[alexholehouse]

So it seems like there are two timescales for what 'transient' means in the paper.

1) There are different levels/numbers of i-motifs identified depending on the cell cycle position (highest at G1/S boundary, although this is only comparing cells synchronized to G1, G1/S and early S so maybe more at different points?), suggesting these structures don't just stably form and then just sit happily around for the entire lifetime of the cell.

2) In vitro these motifs are less stable than (say) G-quadruplexes so presumably there is a suggestion they may be transient over short timescales, but this is not actually examined in the paper. No idea how you'd actually test this without inherently perturbing the equilibrium being examined in vivo.

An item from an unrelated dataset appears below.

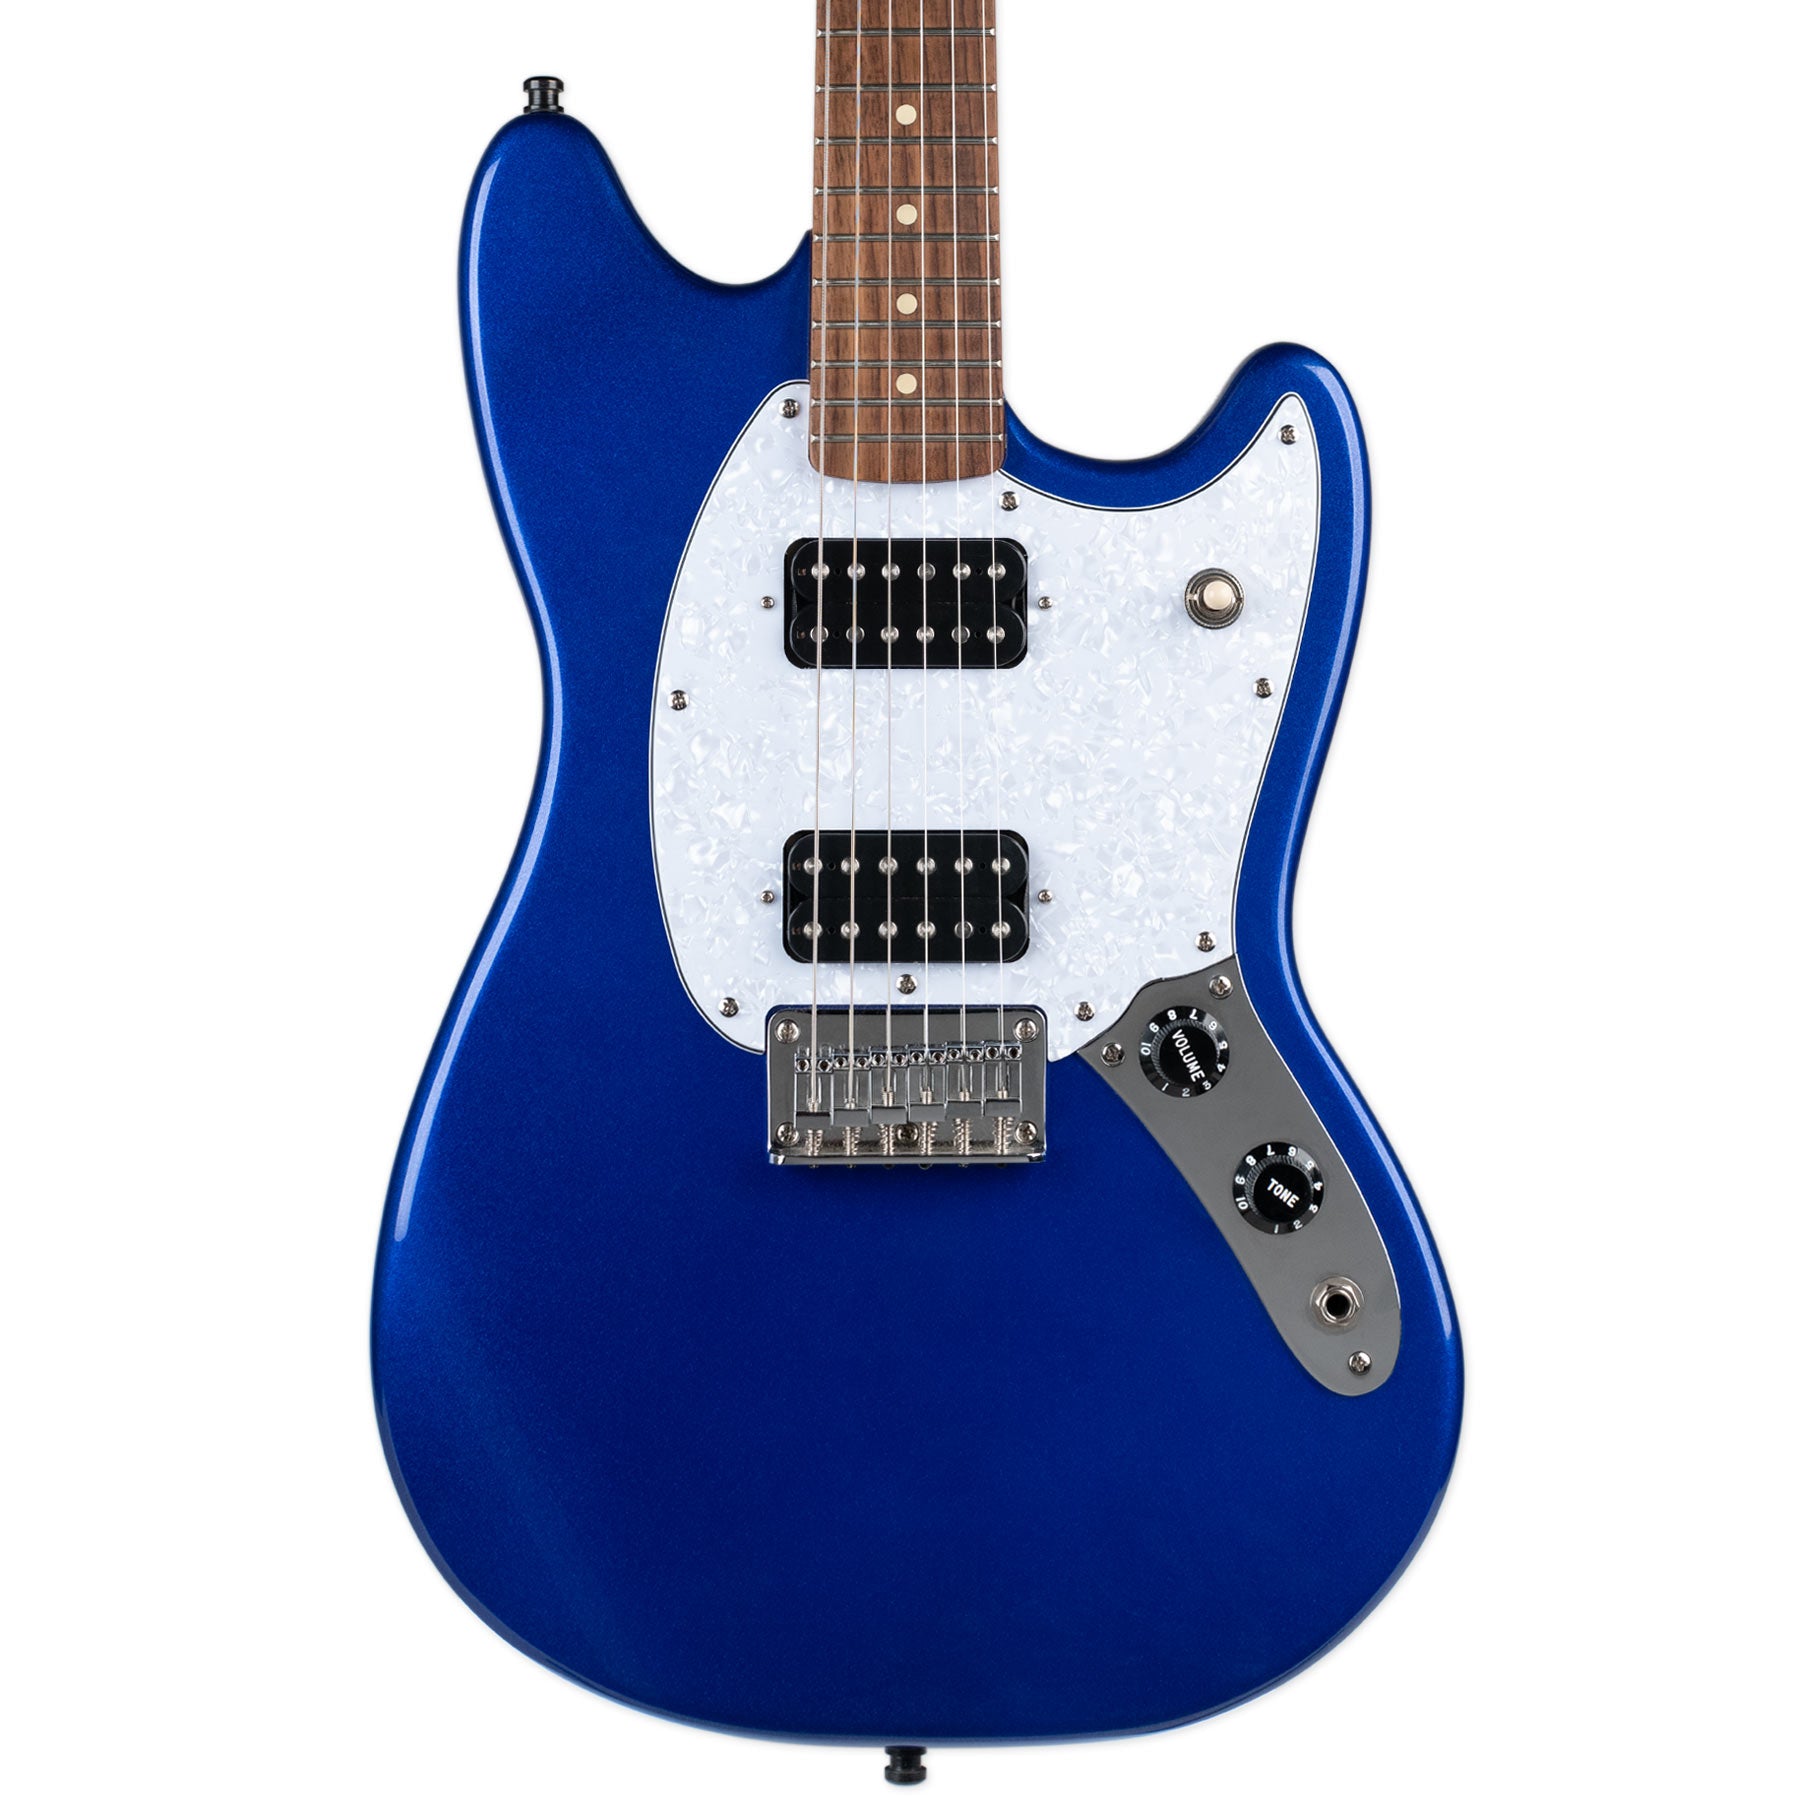 USED SQUIER BULLET MUSTANG HH - IMPERIAL BLUE WITH LOCKING TUNERS AND STRAP LOCKS
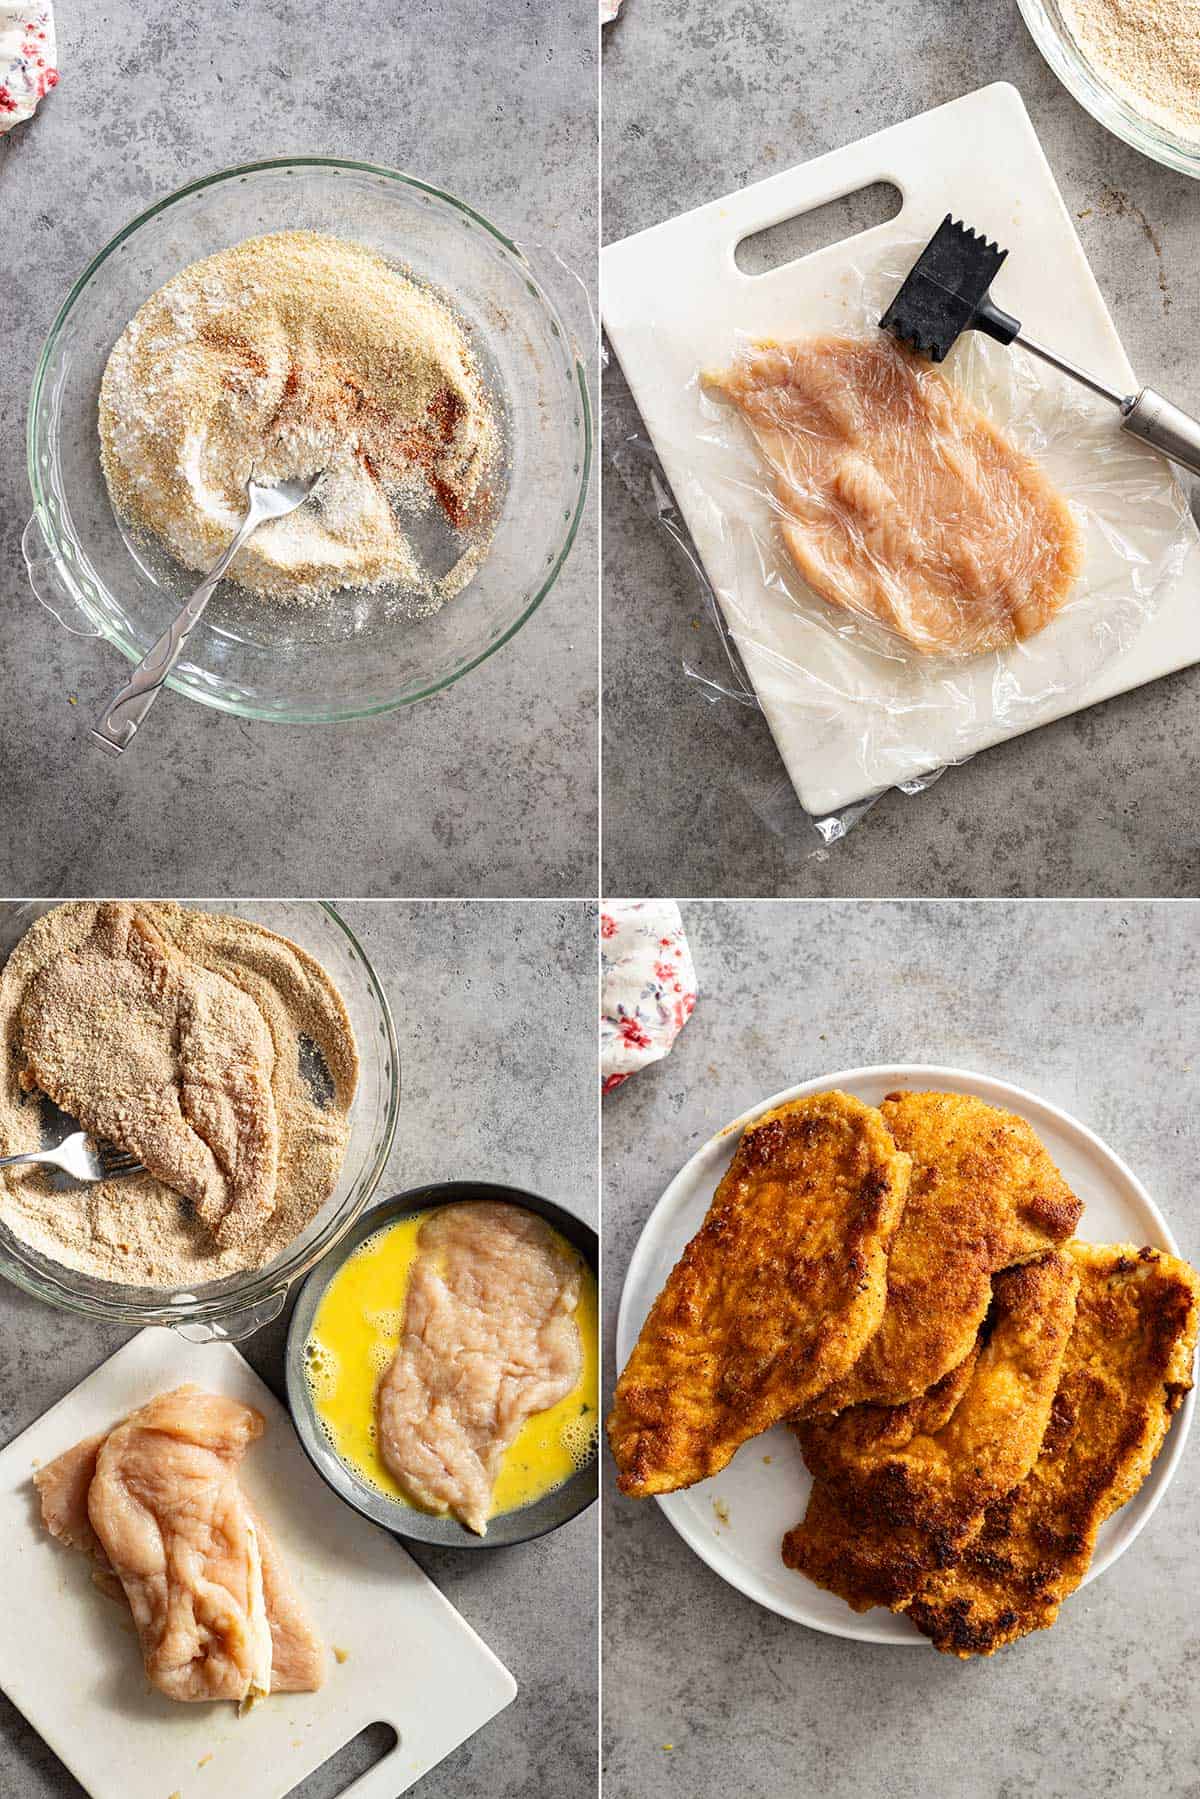 Four process photos: Mixing the flour coating, pounding the chicken, coating the chicken, and cooked chicken.

Even if you could avoid fixing the cells antibodies would be out of the question because of the inherent linkage (if you bind the i-motif with a 500 pM Kd [high affinity] you're gonna HUGELY stabilize that conformation).

[subroutine]

I'm curious about this...

"What excited us most is that we could see the green spots – the i-motifs – appearing and disappearing over time, so we know that they are forming, dissolving and forming again,”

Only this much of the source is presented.